Dr Tim Foxon        Photo: Sally Bavage
Sally Bavage writes:
A new partnership with Café Scientifique this year saw an appreciative audience of Café and LitFest regulars explore some key issues around surviving the delivery of our future energy needs at the same time as reducing carbon emissions.  Introduced by Dr Tim Foxon, Reader in Sustainability & Innovation in the Sustainability Research Institute, School of Earth and Environment at the University of Leeds, the session provoked some lively debate.

We all know the main scientific facts concerning the relentless rise in global carbon dioxide emissions, the projected temperature rise of between 2 to 5 degrees Centigrade by the turn of the century and our ever-increasing demand for energy. Mix this with some more information on the developing economies, the role positive feedback could play in an exponential further rise and the extreme weather becoming, well, even more extreme.
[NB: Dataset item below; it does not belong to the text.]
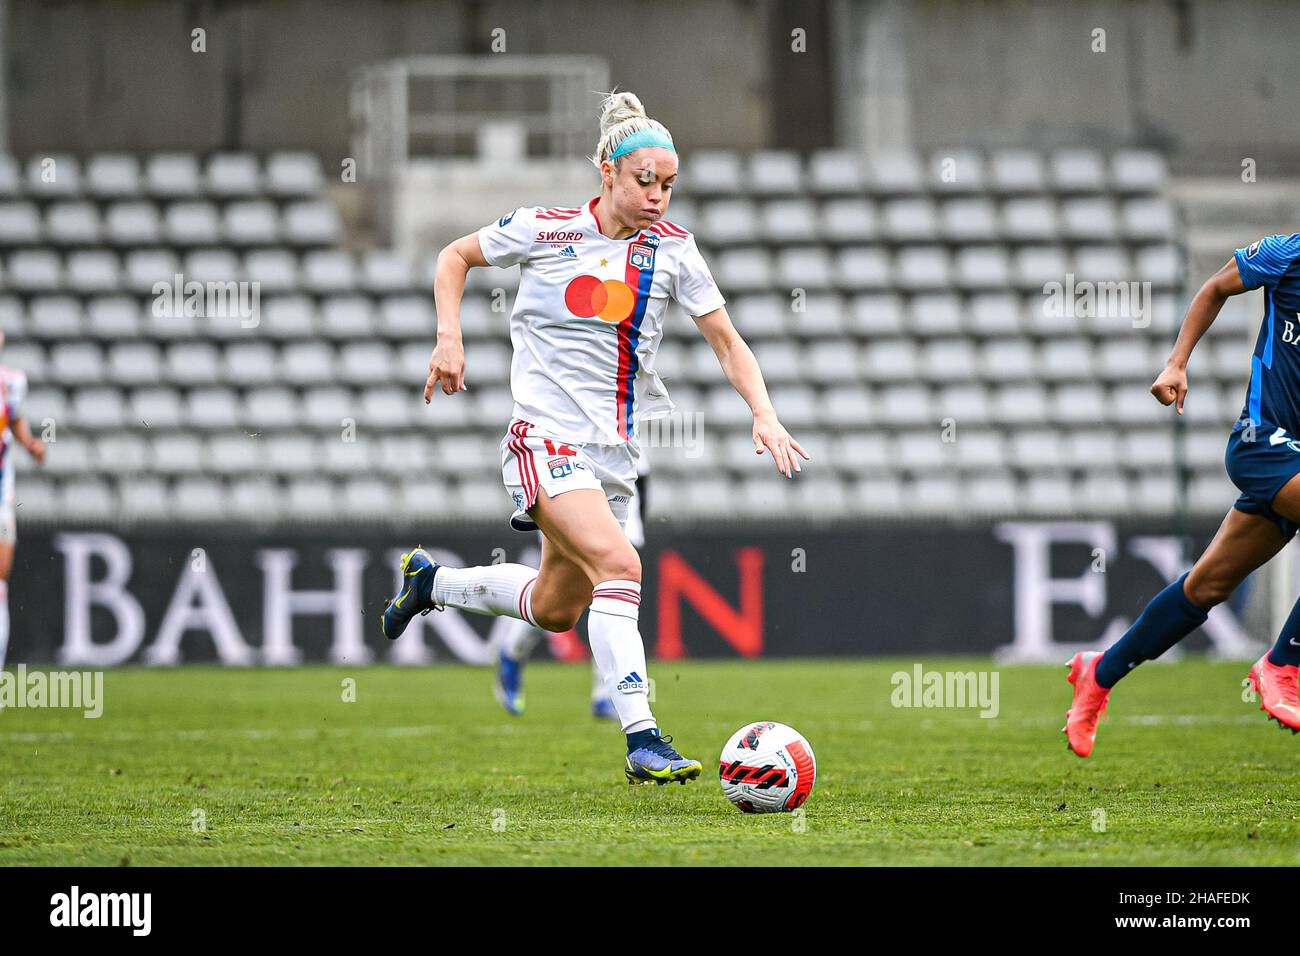 Paris, France. 12th Dec, 2021. Ellie Carpenter of Olympique Lyonnais during the Women's French championship, D1 Arkema football match between Paris FC and Olympique Lyonnais (OL) on December 12, 2021 at Charlety Stadium in Paris, France. Photo by Victor Joly/ABACAPRESS.COM Credit: Victor Joly/Alamy Live News Stock Photo

More often.  Very few scientists of international standing deny the figures; interpretation is a more subjective and emotive issue.

Tim gave us a factual run-through of key considerations in our energy needs, then posed the question: Who will decide?  The Markets?  Central governments?  Or communities?  The Thousand Flowers strand of thinking (Let a thousand flowers bloom is a common misquotation of Chairman Mao Zedong's Let a hundred flowers blossom) but signifies that the answer may lie in a diversity of approaches.  We need to use our scientific, technological, political and social skills to change the habits of a lifetime before the life becomes shortened and unstable. There seem few scenarios with a soft landing.

Fire and flood?  Drought and pestilence.  Mass migration and resource wars. Fleeting images of Noah or Mad Max in a dystopian future are called to mind.  Politicians will not be pouring oil on troubled waters but burning the oil and stealing the water.  The price of carbon may turn out to be one that mankind can’t afford to pay.  A more positive future is possible, but humankind will probably need to overcome its collective addiction to consumption and economic growth to achieve this.

A sobering thought as the audience filed out to the bar.  

From the audience:

Very enjoyable and some food for thought.

Great to link Café Scientifique with LitFest, to increase involvement with both.

A very clear exposition of crucial issues looking forward to 2050 and beyond.


I wonder what Headingley LitFest will be like by then?

Monday 3 March 2014

'Wounded' shortlisted!

Emily Mayhew is appearing at 7pm in Headingley Library on Tuesday 18 March to read from and talk about Wounded. From Battlefield to Blighty.